Nous lisons avec stupeur, dans un message destinés aux lauréat·es des contrats doctoraux d’une école doctorale de l’Université Paris-Saclay :
« Si ce n’est pas déjà fait, nous vous engageons à entreprendre au plus vite les démarches auprès du Fonctionnaire Sécurité Défense dont dépend votre laboratoire. L’avis FSD sera attendu pour tous les doctorants au moment de l’inscription en thèse. »
Nous rappelons que le Fonctionnaire Sécurité Défense (FSD) décide de façon discrétionnaire, arbitraire, non argumentée ni opposable, qui peut être autorisé ou non à travailler dans un laboratoire, et sur quels sujets de recherche. Cela est obligatoire pour les laboratoires ou équipes placées en Zone à Régime Restrictif (ZRR), ce qui est déjà critiquable en soi, comme le montre de nombreuses dérives (voir par exemple https://smf.emath.fr/actualites-smf/zrr-suite, https://www.sudouest.fr/gironde/bordeaux/bordeaux-une-chercheuse-interdite-d-acces-a-son-laboratoire-en-raison-de-ses-engagements-ecologistes-24591937.php ou encore https://cgt.fercsup.net/l-echo-du-sup/echo-du-sup-no-8-dossier-le-tout-securitaire-dans-l-enseignement-superieur-et/article/le-piege-des-zrr-entretien-avec-un-collegue).
Le message de cette école doctorale conditionne l’inscription de ses futur·es doctorant·es à demander une validation auprès du FSD pour la signature de leur contrat doctoral, et ce y compris pour des laboratoires ou équipes qui ne sont pas en ZRR. Cela constitue un débordement du rôle du FSD, et représente une suspicion généralisée, qui ouvre la porte à toutes sortes de sélection arbitraire.
Nous demandons à la présidence de l’université des éclaircissements quant à cette demande.
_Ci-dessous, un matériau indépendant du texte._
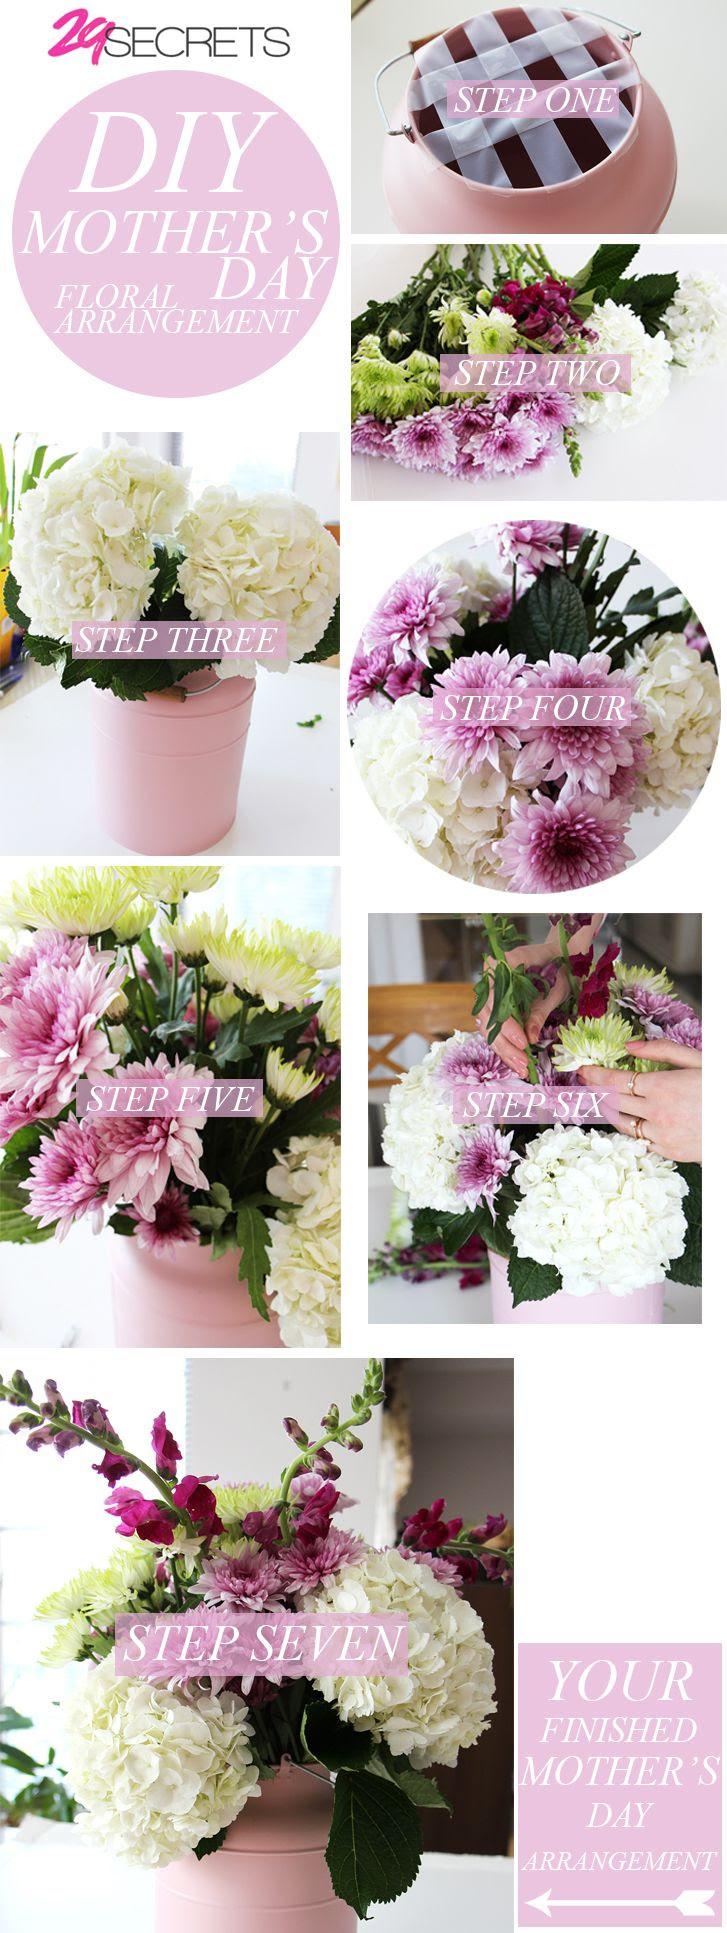 Diy Mother S Day Floral Arrangement 29secrets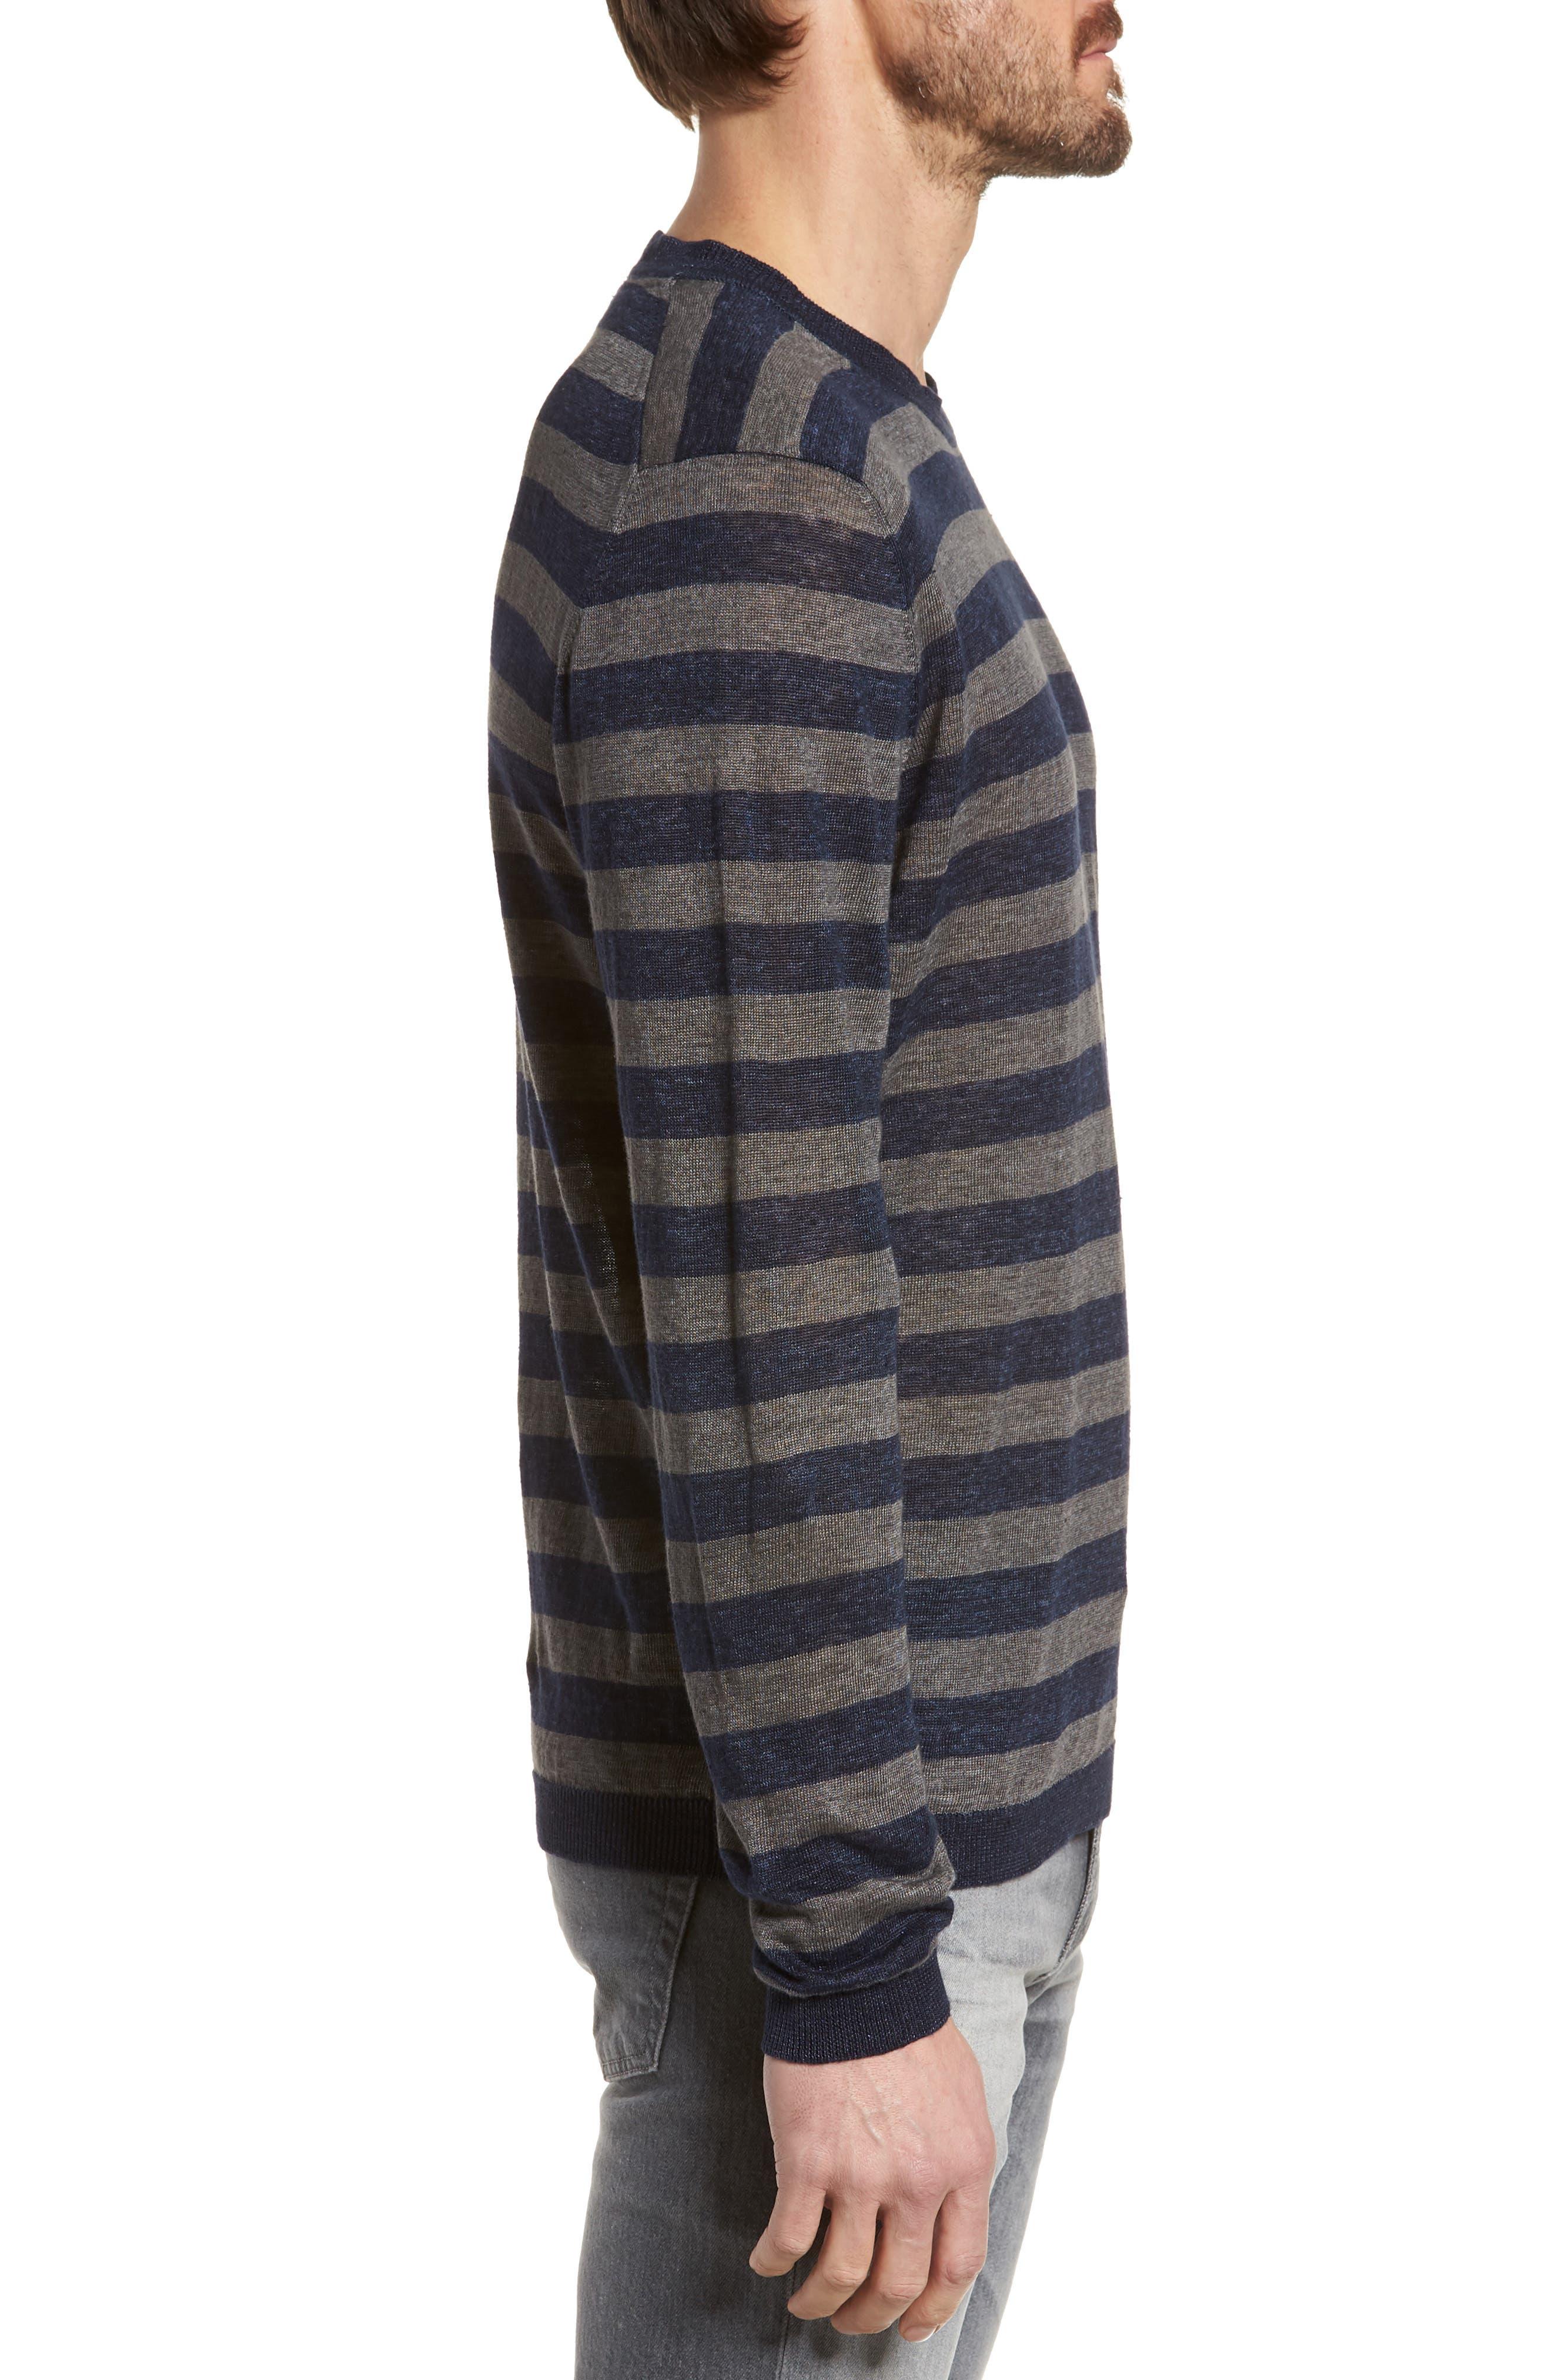 & Bros. Stripe Linen Sweater,                             Alternate thumbnail 3, color,                             Navy Stripe

Il est évident que cela constitue une dérive, d’autant plus en imposant cela à de jeunes collègues précaires qui prendront de gros risques en n’accédant pas à la demande. En particulier, nous demandons donc à savoir quels textes permettent de mettre en place de telles dispositions, s’il est obligatoire pour l’université de le faire et où la décision a été prise de mettre en place ce dispositif.